SGLT2is and GLP-1 RAs effective anti-hyperglycemic agents for cardiovascular outcomes: JACC

A recent multinational, federated analysis of LEGEND-T2DM study published that Sodium-glucose cotransporter 2 inhibitors (SGLT2is) and glucagon-like peptide-1 receptor agonists (GLP-1 RAs) have demonstrated effectiveness in reducing major adverse cardiovascular events (MACE) in patients with type 2 diabetes mellitus (T2DM). The analysis results were published in the Journal of the American College of Cardiology.

There was a significant change with the evolution of multiple therapeutic alternatives for T2DM. Drugs like SGLT2is and GLP-1 RAs reduce the risk of major adverse cardiovascular events (MACE) in patients with type 2 diabetes mellitus (T2DM). However, with the availability of various antihyperglycemic agents, a direct comparison of their relative effectiveness, particularly against other second-line antihyperglycemic agents, has not been extensively studied. Notably, no major head-to-head clinical trials are currently ongoing to assess their comparative efficacy. Hence, researchers have conducted a study to evaluate the cardiovascular effectiveness of SGLT2is, GLP-1 RAs, dipeptidyl peptidase-4 inhibitors (DPP4is), and sulfonylureas (SUs) as second-line antihyperglycemic agents in patients with T2DM and established cardiovascular disease (CVD).

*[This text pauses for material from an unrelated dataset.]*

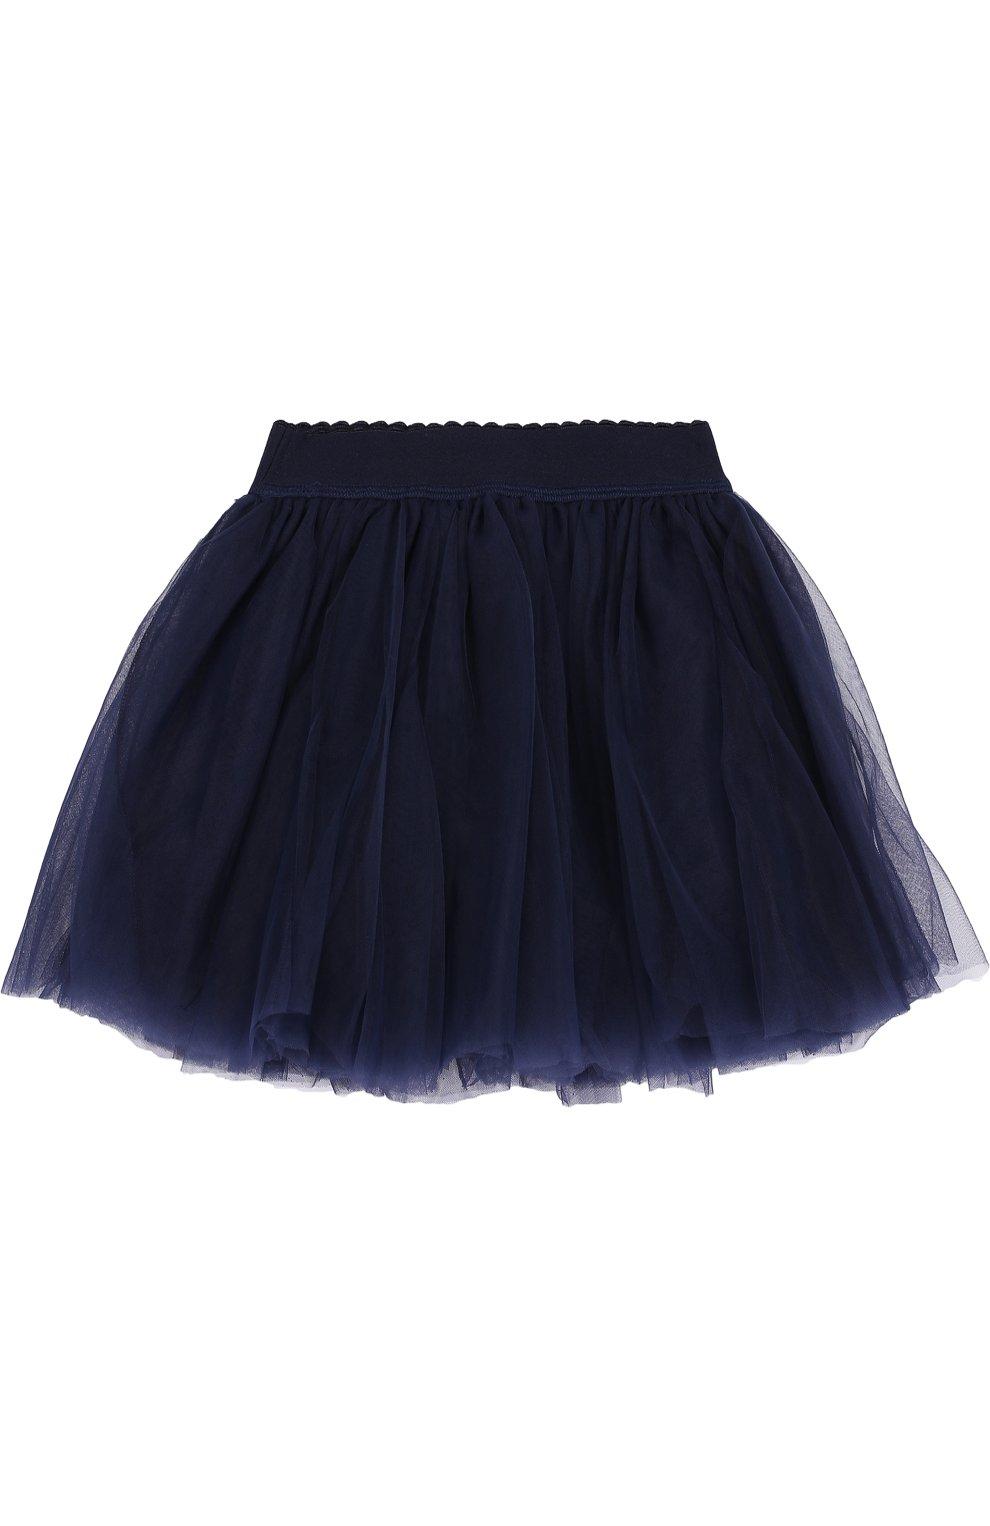 Многослойная мини-юбка с эластичным поясом   Фото №2

The research utilized data from the LEGEND-T2DM (Large-Scale Evidence Generation and Evaluation Across a Network of Databases for Type 2 Diabetes Mellitus) network, which spans 10 international databases covering the period from 1992 to 2021. In total, the study identified 1,492,855 patients with T2DM who were on metformin monotherapy and subsequently initiated one of the four second-line agents. These agents included SGLT2is, GLP-1 RAs, DPP4is, and SUs. Large-scale propensity score models were applied to conduct an active-comparator target trial emulation, and pairwise comparisons were made to assess their impact on cardiovascular outcomes.

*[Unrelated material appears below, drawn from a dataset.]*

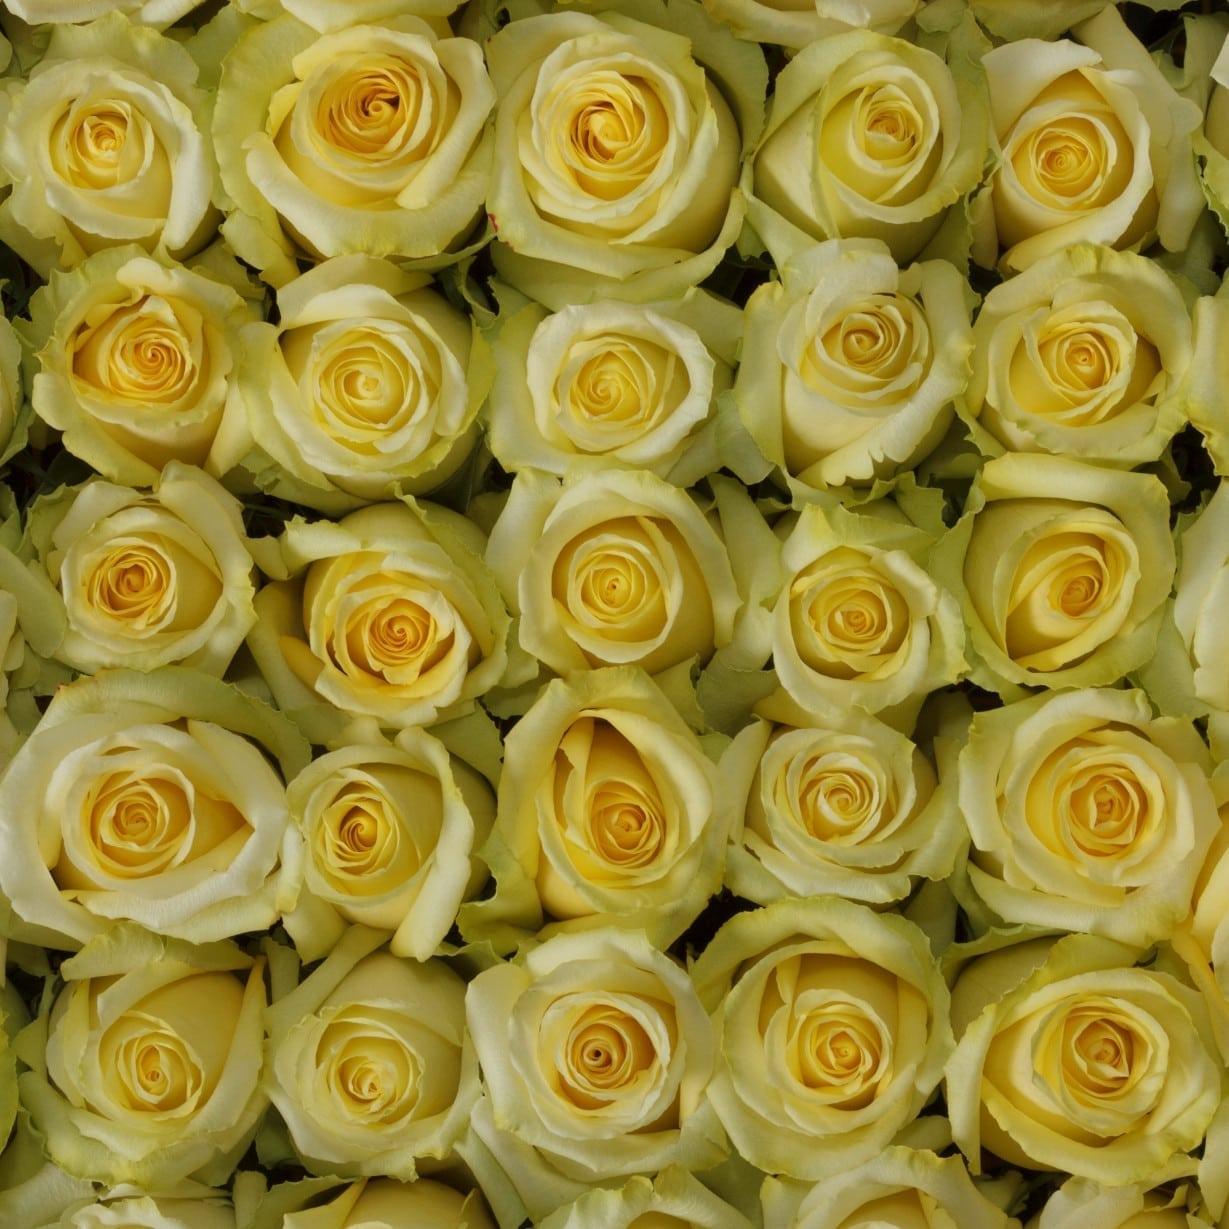 زهور (أصفر غامق)  الزهور بالجملة

Empirical equipoise and population generalizability were evaluated to ensure robustness. Cox proportional hazards models were then applied to assess the risk of MACE, focusing on both 3-point MACE (myocardial infarction, stroke, and death) and 4-point MACE (the addition of heart failure hospitalization). These hazard ratio (HR) estimates were combined using random-effects meta-analysis to arrive at more comprehensive conclusions.

Findings:

• The study spanned over 5.2 million patient-years of follow-up and included 489 million patient-days of at-risk time.
• During this period, 25,982 3-point MACE events and 41,447 4-point MACE events were recorded.
• The results showed that both SGLT2is and GLP-1 RAs were associated with significantly lower 3-point MACE risks when compared to DPP4is and SUs.
• Specifically, SGLT2is were associated with a hazard ratio (HR) of 0.89 (95% CI: 0.79-1.00) compared to DPP4is and an HR of 0.76 (95% CI: 0.65-0.89) compared to SUs.
• Similarly, GLP-1 RAs were linked to a reduced risk of 3-point MACE compared to DPP4is (HR: 0.83 [95% CI: 0.70-0.98]) and SUs (HR: 0.72 [95% CI: 0.58-0.88]).
• DPP4is also demonstrated a more favorable cardiovascular profile than SUs, with an HR of 0.87 (95% CI: 0.79-0.95). This pattern was consistent when assessing 4-point MACE outcomes as well.
• Importantly, no significant differences in cardiovascular risk reduction were observed between SGLT2is and GLP-1 RAs for either 3-point MACE (HR: 1.06 [95% CI: 0.96-1.17]) or 4-point MACE (HR: 1.05 [95% CI: 0.97-1.13]).

Thus, the study concluded that in patients with T2DM and established CVD, SGLT2is and GLP-1 RAs provided similar reductions in cardiovascular risk, both proving to be more effective than DPP4is, which in turn were more effective than SUs. These findings suggest that clinicians should prioritize the use of SGLT2is and GLP-1 RAs as second-line agents in this patient population to optimize cardiovascular outcomes.

Further reading: Khera R, Aminorroaya A, et al. Comparative Effectiveness of Second-Line Antihyperglycemic Agents for Cardiovascular Outcomes: A Multinational, Federated Analysis of LEGEND-T2DM. J Am Coll Cardiol. 2024 Sep 3;84(10):904-917. doi: 10.1016/j.jacc.2024.05.069. PMID: 39197980.